# Dirt und Slopestyle: Nix für Frauen?



## das waldhuhn (20. September 2011)

Ich frage mich warum auf Dirt- und Slopestyle Contests keine Frauen am Start sind. (Oder täusch ich mich, hab ich was übersehen?) 
Jemand ne Idee an was es liegt? Aber kommt mir nicht mit sowas wie "klar, keine Eier inner Hose!".  

Grüße!
das Waldhuhn Susanne


----------



## Nuala (20. September 2011)

ich glaube, das liegt so ein bisschen am image... oder hast du schon ein magazin/zeitschrift gesehen, die frauen in aktion zeigt? es fehlen einfach identifikationsmöglichkeiten, traurig aber wahr.


----------



## MTB-News.de




----------



## das waldhuhn (20. September 2011)

Nö, in keinem Medium hab ich Mädels gesehen die sich über massive Sprünge drüberhauen UND auch noch schick stylen.
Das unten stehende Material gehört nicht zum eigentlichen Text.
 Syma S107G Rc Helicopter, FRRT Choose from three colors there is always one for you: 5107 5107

Ich denk aber, die Medien würden sich gierig auf so ne Frau stürzen wenn es sie gäbe. Na schauen wir mal was noch an Ideen kommt.


----------



## Pleitegeier (20. September 2011)

Nuala schrieb:


> ich glaube, das liegt so ein bisschen am image... oder hast du schon ein magazin/zeitschrift gesehen, die frauen in aktion zeigt? es fehlen einfach identifikationsmöglichkeiten, traurig aber wahr.



Glaub ich nicht. Ich kaufe keine Magazine, aber insgesamt werden Frauen auf Bikes zu gerne gesehen (siehe auch die Pic Actionen hier im IBC).
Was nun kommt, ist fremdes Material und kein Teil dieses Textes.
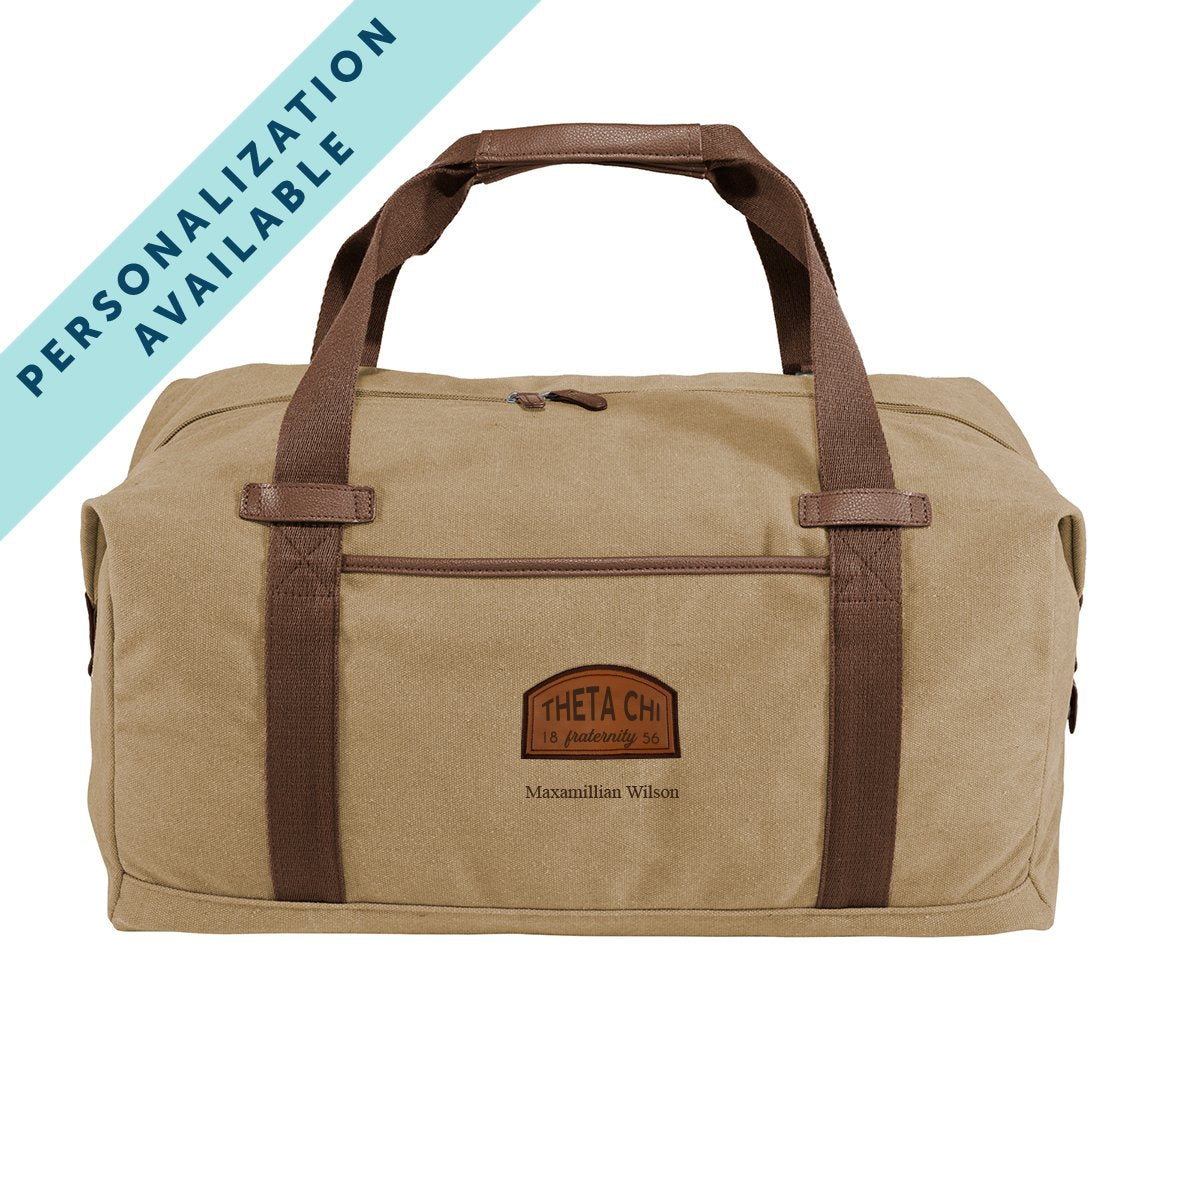 Theta Chi Khaki Canvas Duffel With Leather Patch | Theta Chi | Bags > Duffle bags

Dirt Mädels sieht man aber doch öfter, also da wird es bestimmt auch Contests geben. 

Ich behaupte mal, dass Dirt- und Slopestylegirls eher in der Minderheit sind. Gäbe es mehr Interessenten, würde da bestimmt auch mehr passieren. Schaut euch doch mal die 4xer an, da nehme ich meist nur ne Handvoll Mädels wahr. Kontaktiert die Veranstalter und hinterfragt es!

Ich bin mir aber ziemlich sicher, dass euch kein Mann Steine in den Weg legen möchte oder man(n) Slopestyler als Männerdomäne betrachtet.
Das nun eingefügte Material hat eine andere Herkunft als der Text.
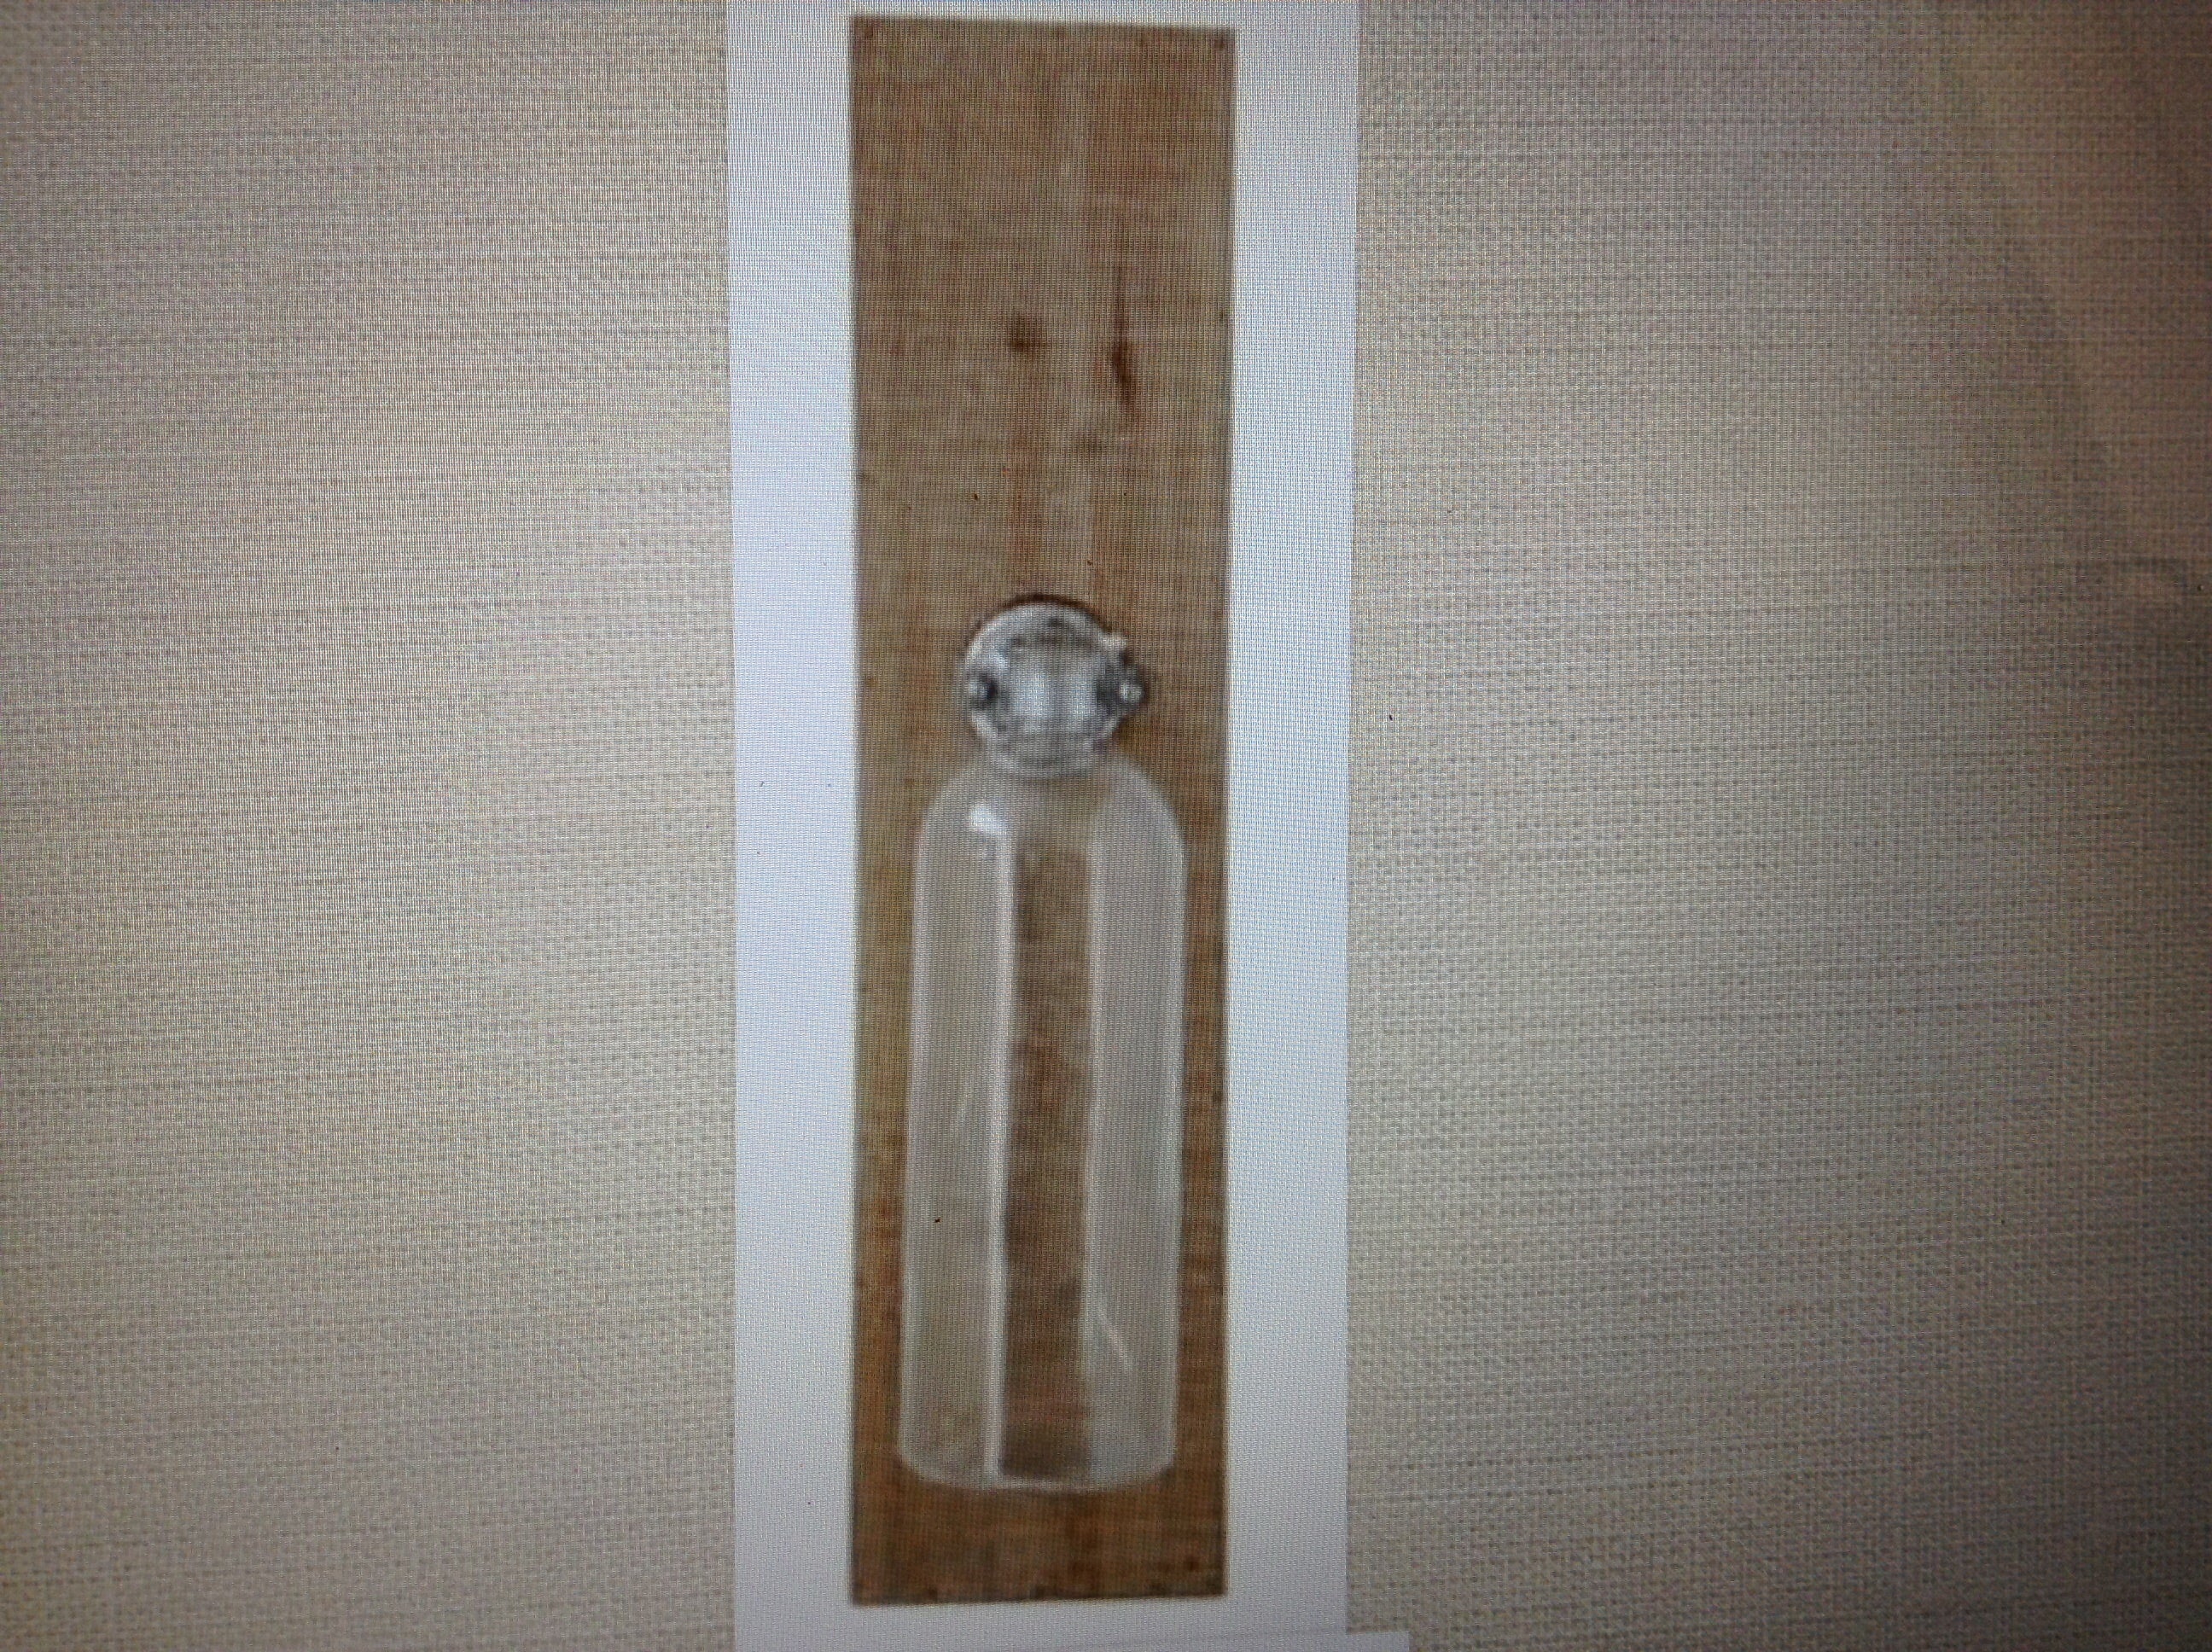 Wood with wall vase

Willkommen im 21 Jahrhundert, wir fahren gerne mit euch Mädels. Egal ob bergauf, bergab oder beim Hügel hüpfen


----------



## Nuala (20. September 2011)

also bis auf den jährlichen auftritt von rachel atherton in der freeride fällt mir nix großartig ein, wo man mal frauen sehen kann. aaah doch, die berühmten babe-seiten in der freeride, aber die dienen wohl eher als abschreckung!


----------



## Bergradlerin (20. September 2011)

Stimmt, jetzt wird´s mir auch klar. 4Xerinnen gibt´s, aber Slopestylerinnen und Dirterinnen? Fehlanzeige, oder?


----------



## Schnitte (21. September 2011)

wirklich viel findet man nicht in Zeitschriften über Ladies...
was allerdings zunimmt, sind Fahrtechnikkurse für Ladies...zumindest empfinde ich es so...
aber Frauen sind und bleiben eine Minderheit in diesem Sport. Wenn man auf die Starterlisten der DH Rennen schaut sind es auch meistens nur 20 Frauen und gefühlte 180 Männer 
beim 4x ergibt sich eine ähnliche Verteilung


----------



## scylla (21. September 2011)

Wahrscheinlich sind die meisten Frauen einfach mehr kopfgesteuert und daher vorsichtiger als Männer. Da Dirt/Slopestyle ja schon... dicke Eier?... also Mut erfordert und das Verletzungsrisiko recht hoch ist, ist vielleicht die Frauenquote schon deswegen niedriger als bei anderen Sparten des Radsports?


----------



## Pilatus (21. September 2011)

doch, die gibt es


----------



## HiFi XS (21. September 2011)

Nuala schrieb:


> also bis auf den jährlichen auftritt von rachel atherton in der freeride fällt mir nix großartig ein, wo man mal frauen sehen kann. aaah doch, die berühmten babe-seiten in der freeride, aber die dienen wohl eher als abschreckung!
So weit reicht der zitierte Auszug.